Purpose : Tunneling nanotubes (TNTs) are a novel actin-based method of cellular communication. TNTs are formed by normal (NTM) and glaucomatous trabecular meshwork (GTM) cells. Mechanical stretching, a proxy for elevated intraocular pressure (IOP), alters the actin cytoskeleton and induces focal extracellular matrix (ECM) remodeling at podosome and invadopodia-like structures (PILS). Here, we investigate cellular communication via TNTs in NTM and GTM in response to mechanical stretch. In addition, we investigate the effect of mechanical stretch on myosin-X (Myo10), a regulator of TNT formation, and its association with PILS proteins.

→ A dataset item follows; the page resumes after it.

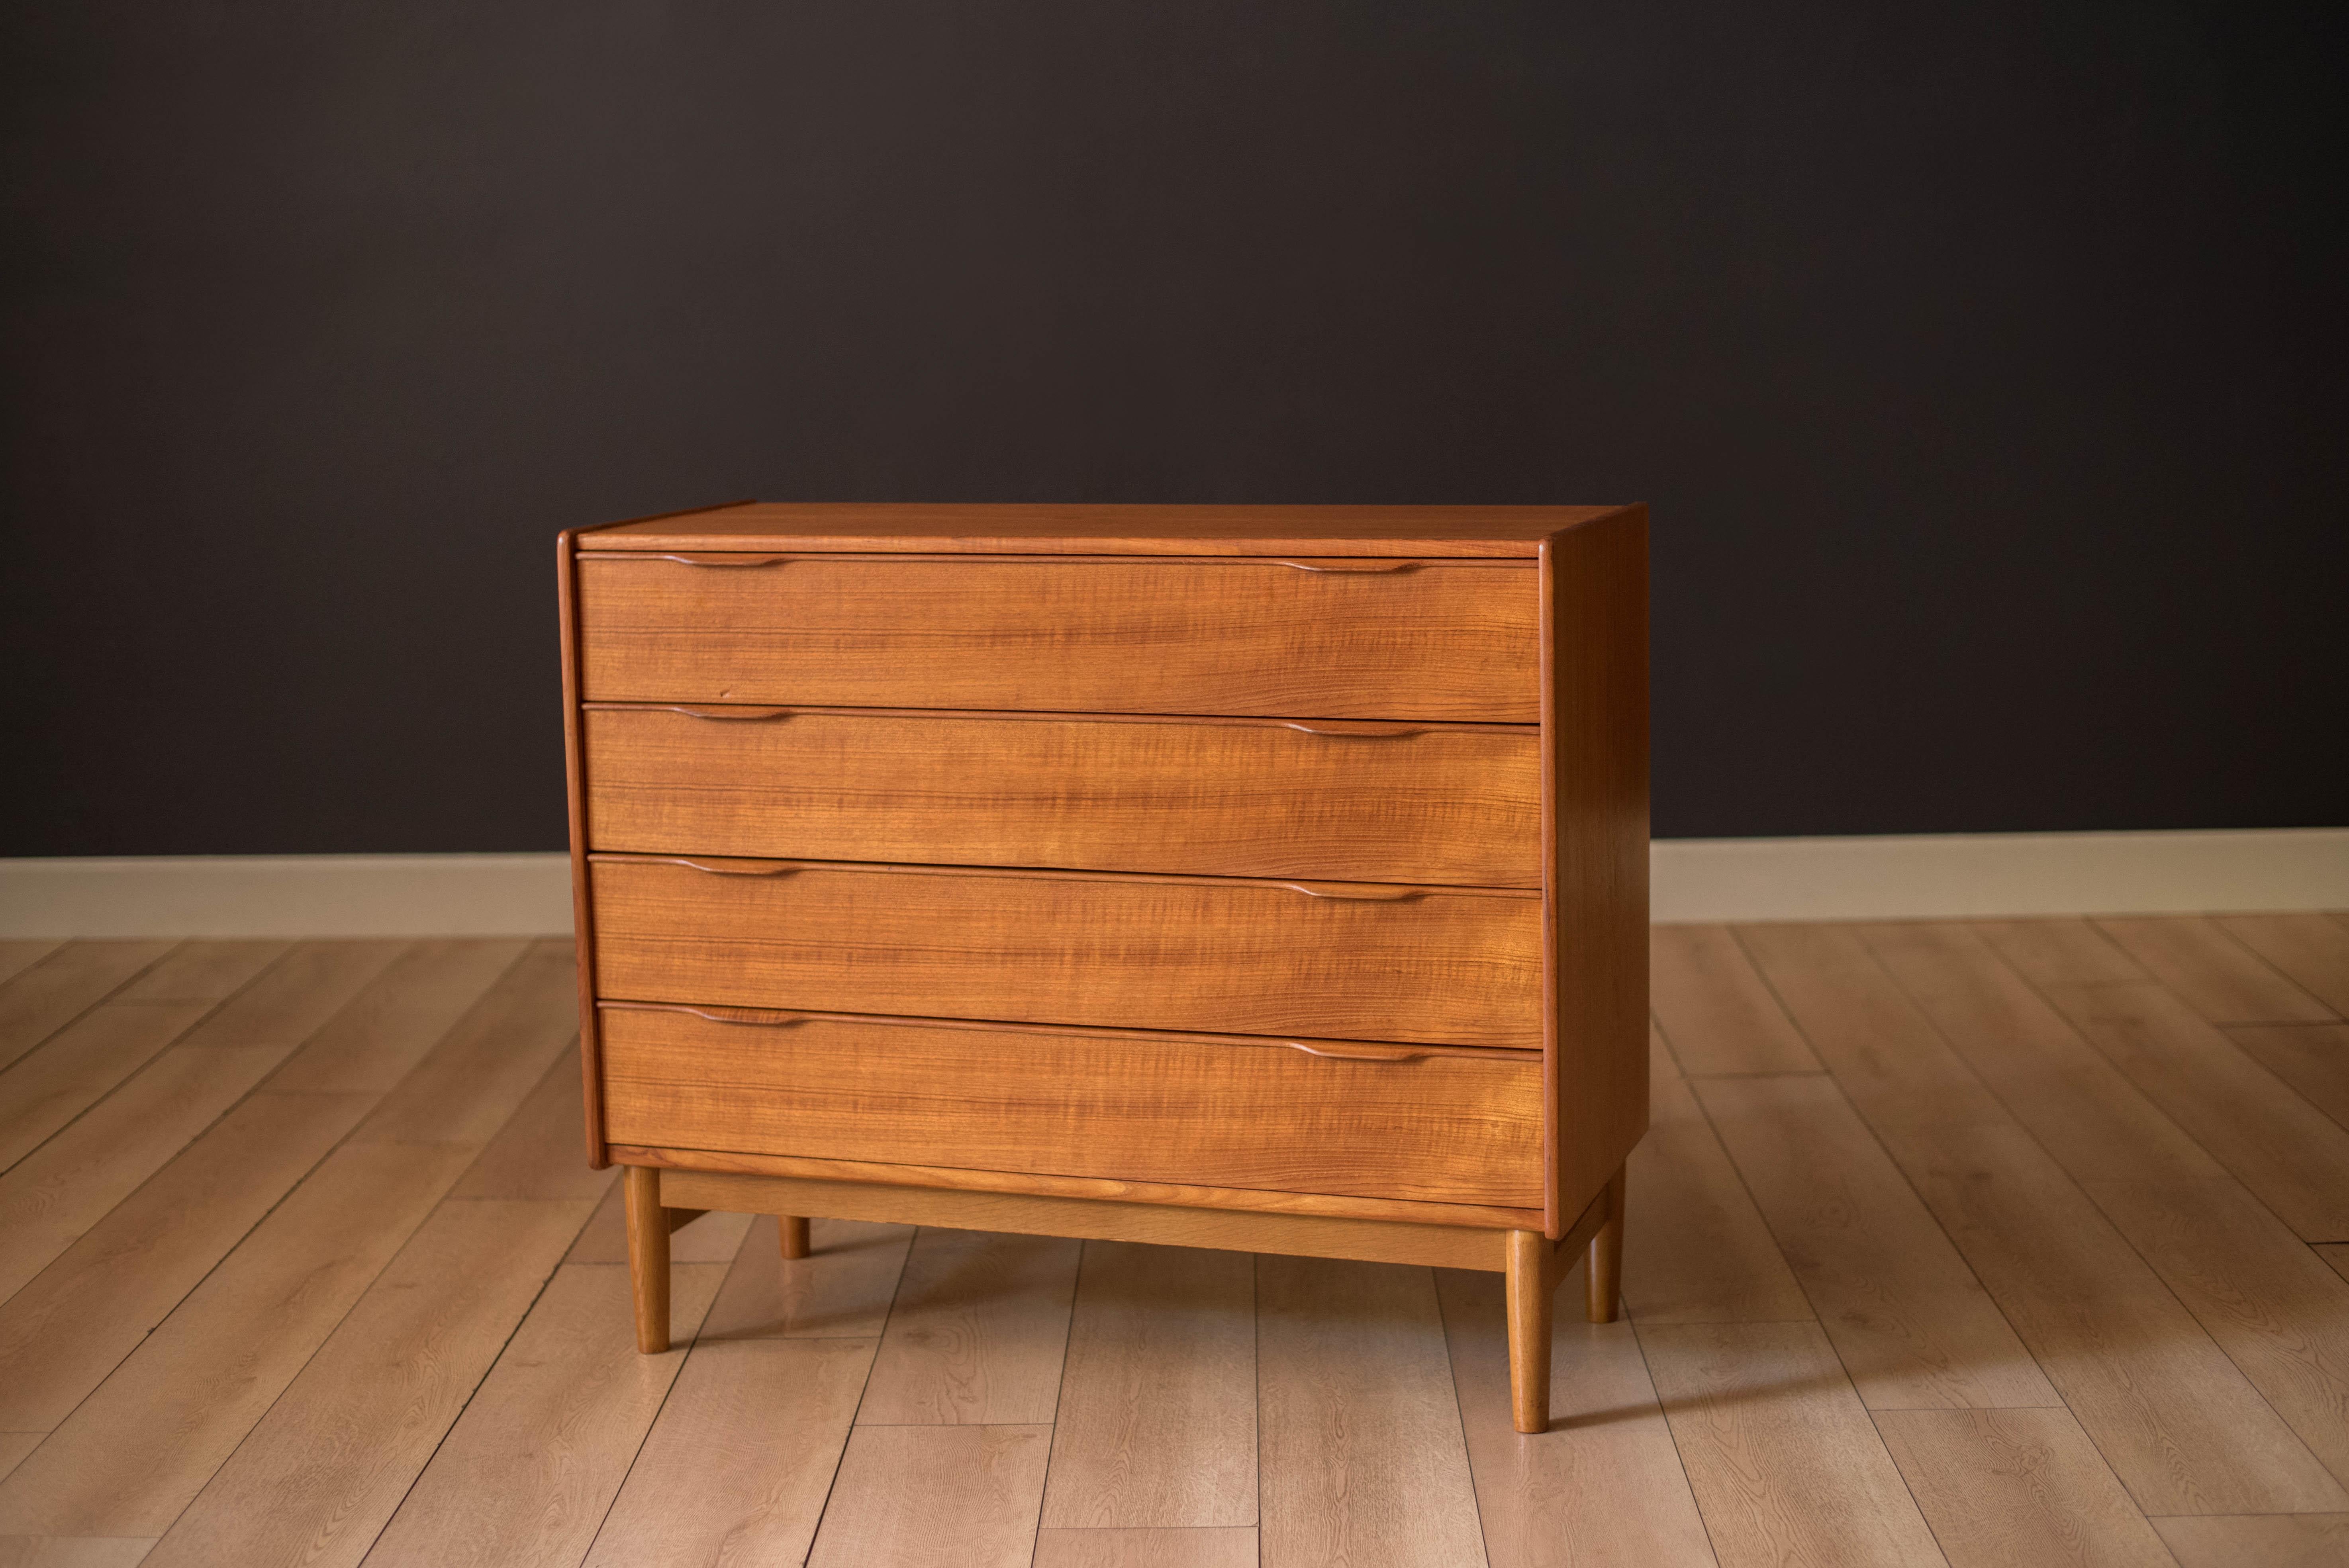 Vintage Danish chest of drawers in teak designed by Henning Jørgensen for Fredericia Møbelfabrik, Denmark circa 1960s. This unique low profile chest of drawers is perfect to use as an entryway piece or bedroom dresser. Includes four dovetail storage

Methods : Primary NTM and GTM cells were characterized by standard methods. A vesicle transfer assay was used to quantitate communication via TNTs by TM cells with and without mechanical stretch. Western blots were performed to quantitate the levels of Myo10 after mechanical stretching of TM cells. Colocalization of Myo10 and PILS proteins was measured using Imaris software analysis of confocal images. A Duolink assay was used to quantitate the colocalization of Myo10 and PILS proteins in response to mechanical stretch. ANOVA was used to test significance.

Results : NTM and GTM cells were mechanically stretched for 24 hours. Both NTM and GTM reduced vesicle transfer via TNTs by 23% and 20%, respectively (N=28-35; p≤0.01). Myo10 protein levels were increased by 6% in stretched GTM cells compared to NTM cells (n=10; p=0.04). PILS proteins include matrix metalloproteinases (MMPs) and integrins. Myo10 colocalized strongly with integrin-β1 (Pearson’s value = 0.4) in both NTM and GTM cells, as well as MMP2 and MMP14. A Duolink assay showed that MMP2 and MMP14 were significantly more associated in mechanically stretched NTM cells (n=3; p=0.0001). Similarly, Myo10 and integrin-αVβ3 became significantly more associated (p=0.003), but Myo10-integrin-α5β1 interactions were unaffected.

Conclusions : Colocalization of the actin-binding protein Myo10 with PILS proteins suggests coordination of the actin cytoskeleton with specific proteins of the ECM degradation complex in response to mechanical stretch. Our vesicle transfer results suggest that actin-rich TNTs are reduced in both NTM and GTM cells in response to stretch. This suggests that communication via TNTs may be more important for normal homeostasis of TM cells than for relaying signals related to changes in IOP.

This is a 2020 ARVO Annual Meeting abstract.